Pton - I did try the tone generators (see above) with the red dead wire alone, and both the white/black (de-energized). With both units (see above), the tone was stronger using 2 wires, much weaker with just the dead one. It just didn't seem to work either way. Not sure which is the best way to do this (with data cables, I can use both since they will (hopefully) end in the same place). Admittedly, this was my first time working in this situation (where only one wire ended, not both. Perhaps you might have a suggestion on how to do this better.
 

wsalomon

Member
Location
Maine
Occupation
Electrical Engineer
SSdriver - I think the "overfill" is what happened here, in both of the new work 4" boxes (as in why were there two new boxes instead of one?) - and it could have been fine had not the plaster ring been put in before closing up so only a single plate would be needed. It's why I was trying the "non-invasive" way before "unpacking" the "contents".
 

synchro

Senior Member
Location
Chicago, IL
Occupation
EE
If the 4-way and the last 3-way are no more than 30 feet apart, you could consider replacing the 4-way with a Lutron Caseta wireless switch and put a Pico remote switch at the last 3-way location.

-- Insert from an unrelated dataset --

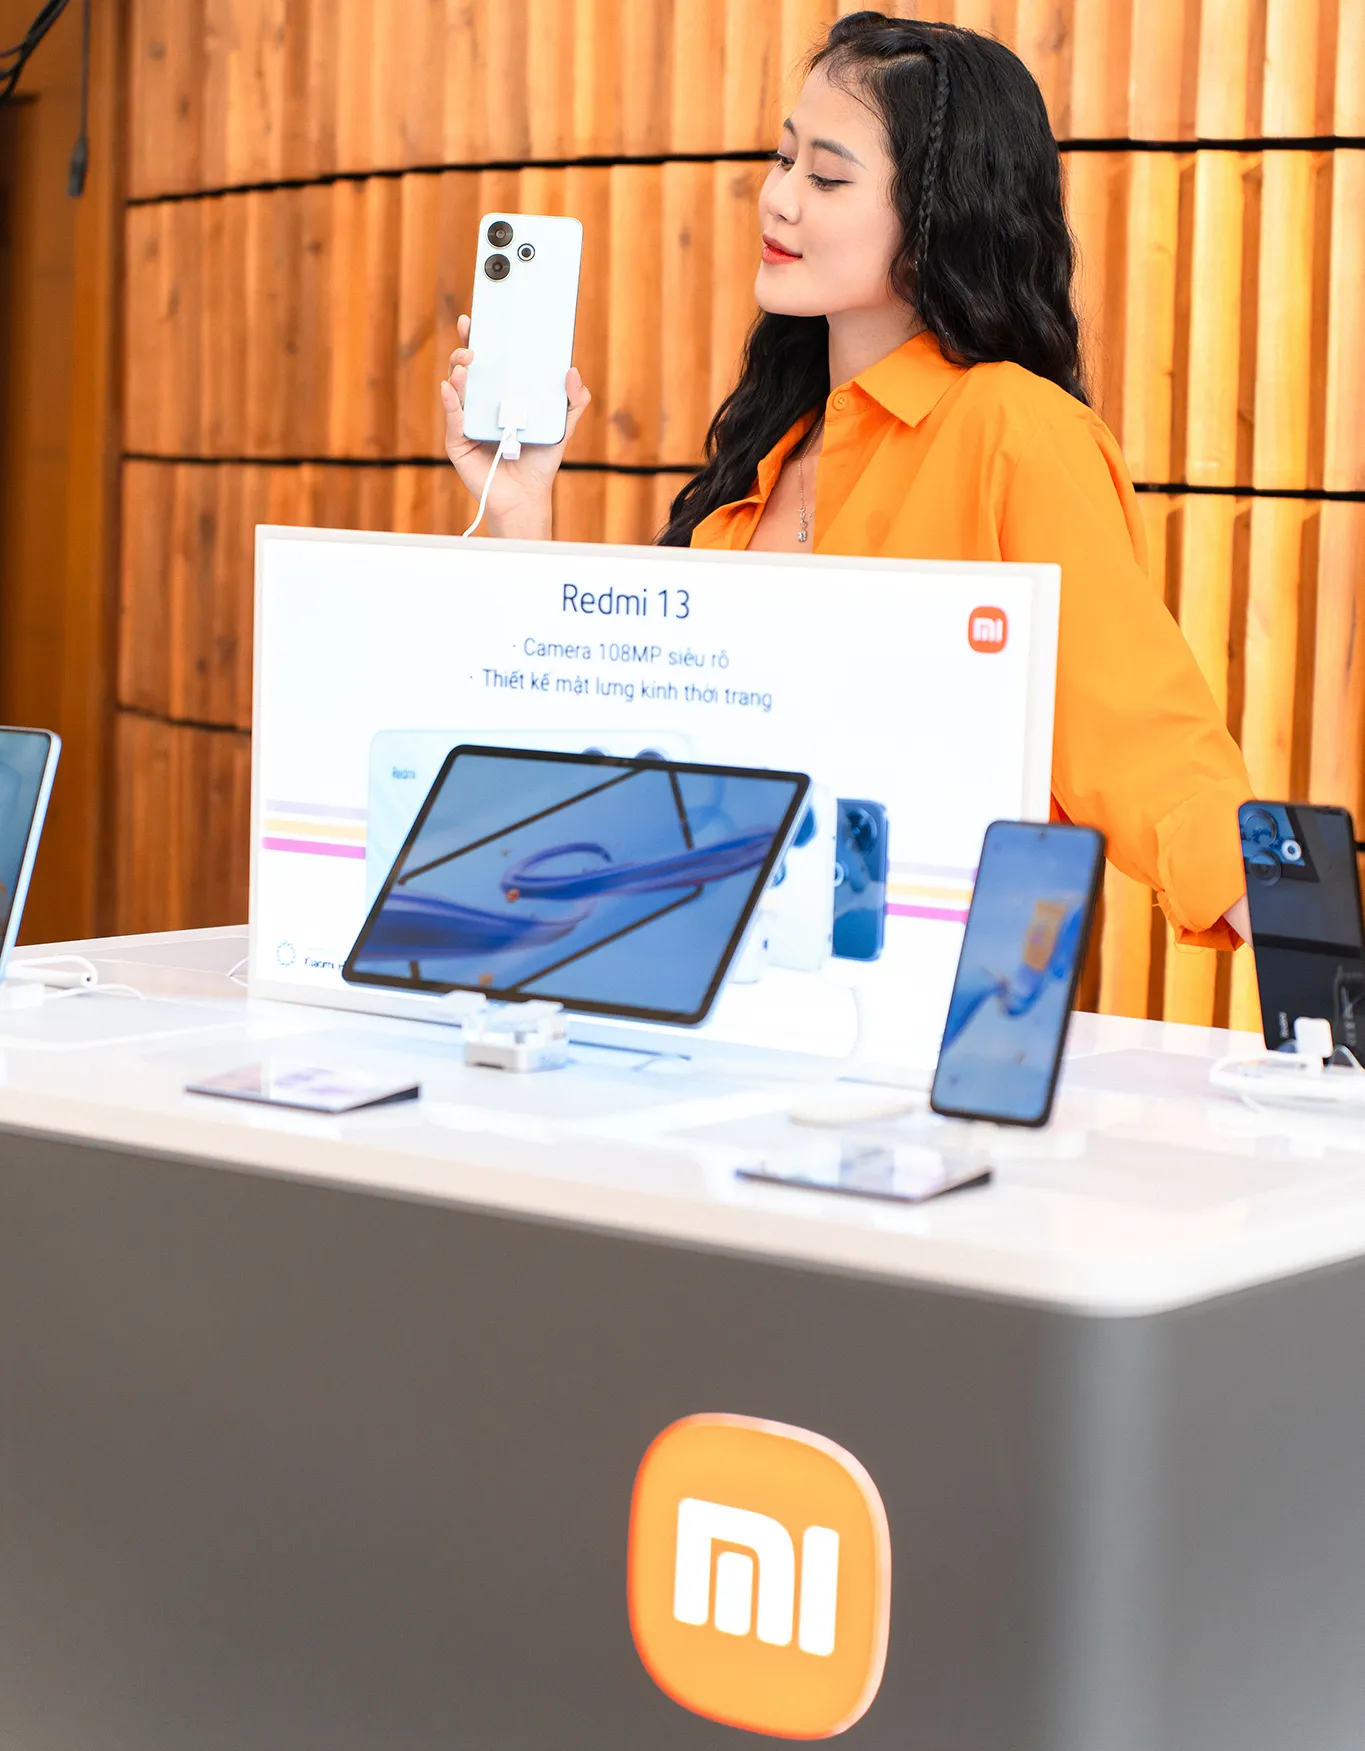 Thế Giới Di Động và Xiaomi Việt Nam hợp tác chiến lược mang Redmi 13 đến tay người dùng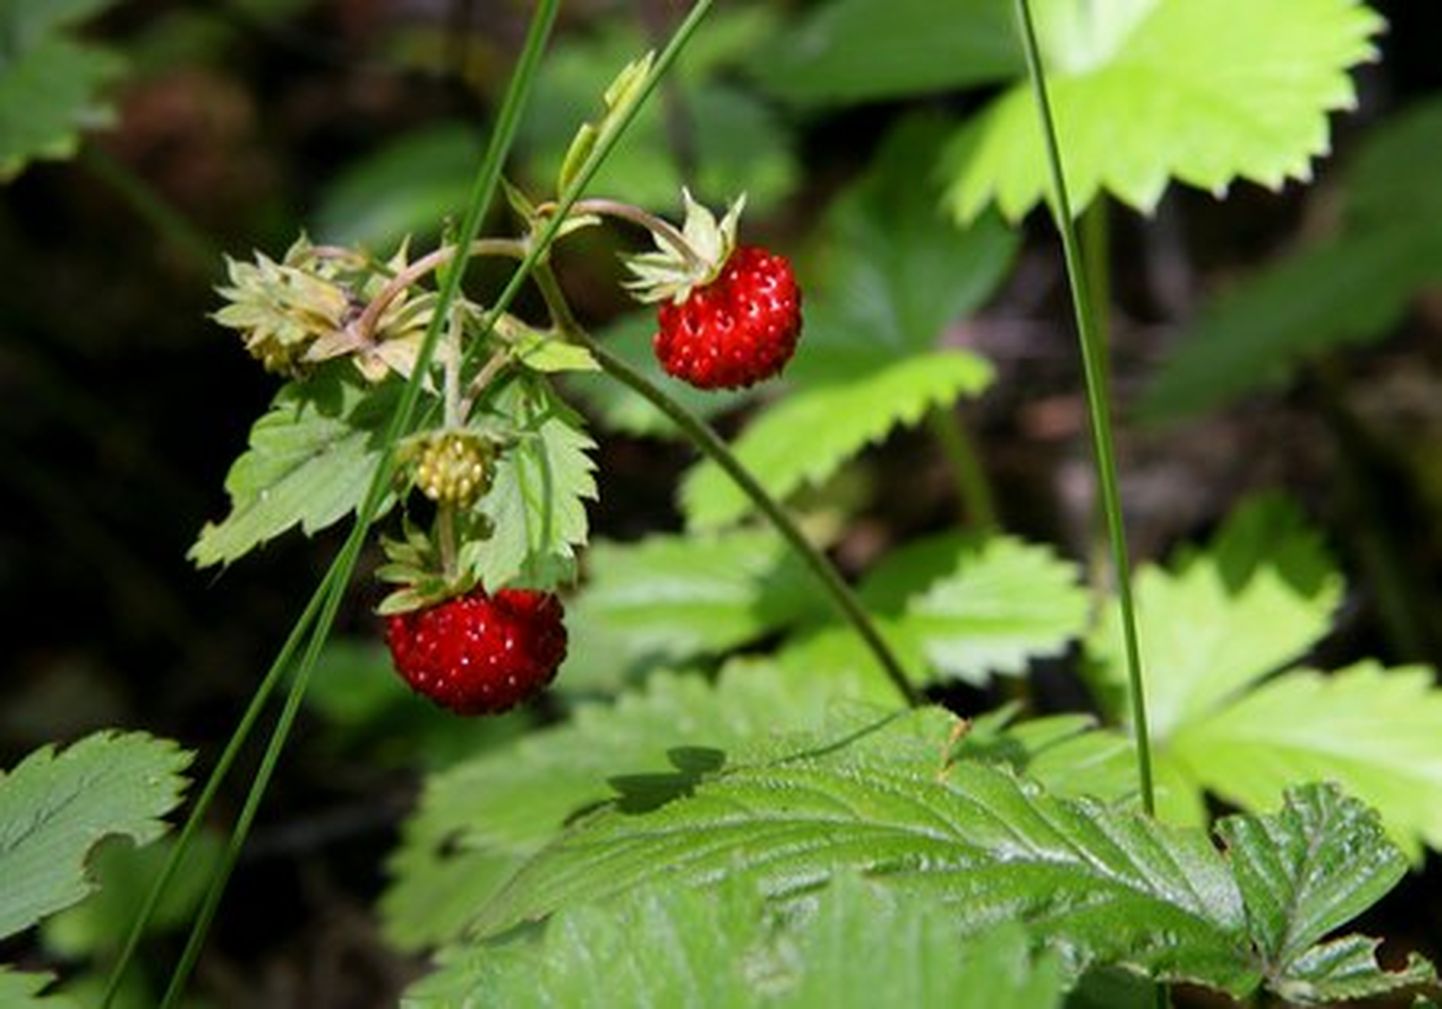 Esimesed metsmaasikaõied võttis ära öökülm, nii ongi maasikaaeg lükkumas jaanijärgsesse aega.

That way the wiring to the last 3-way would not be needed.
 

Fred B

Senior Member
Location
Upstate, NY
Occupation
Electrician
Unfortunately the toners will have trouble in a multiple switch system simple because of the nature of the switching process. Also even the higher end tracers have a hard time tracing through BX or MC to locate behind walls, the tracer produces an RF signal and the casing of the BX seems to block the signal.
Not sure if you've already done this but, try separating each cable grouping in each switch box (of course the switch also and lighting fixture) then trace each wire grouping, that will isolate each cable run to between boxes, and determine which set goes to which box. Once you have that information you can ohm the conductors switch to switch to see the lost or broken set. I've had to do this process more often than I like when a GC runs the wiring and his guys can't figure out how to get the 4ways to work and they've run the wire sequence A-D-C-B.
 

hillbilly1

Senior Member
Location
North Georgia mountains
Occupation
Owner/electrical contractor
If it just quit working after the switch was flipped, sure sounds like a crossed traveler and common? But I’m sure you already checked that. I had a neighbor who had two sets of three ways that didn’t work after he changed the switches. Knew exactly what he had done. I didn’t get over there until a couple of years later (LOL!) and he had the original electrician which was his brother come out. He couldn’t fix it! His brother was the one that I kept going behind and changing out 30 amp breakers on. I was dreading what kind of mess I was going to run into. I was surprised to find he actually used 12-3, although ungrounded, for the three ways. After I figured out how he ran the wire, had the problem fixed in five minutes. LOL!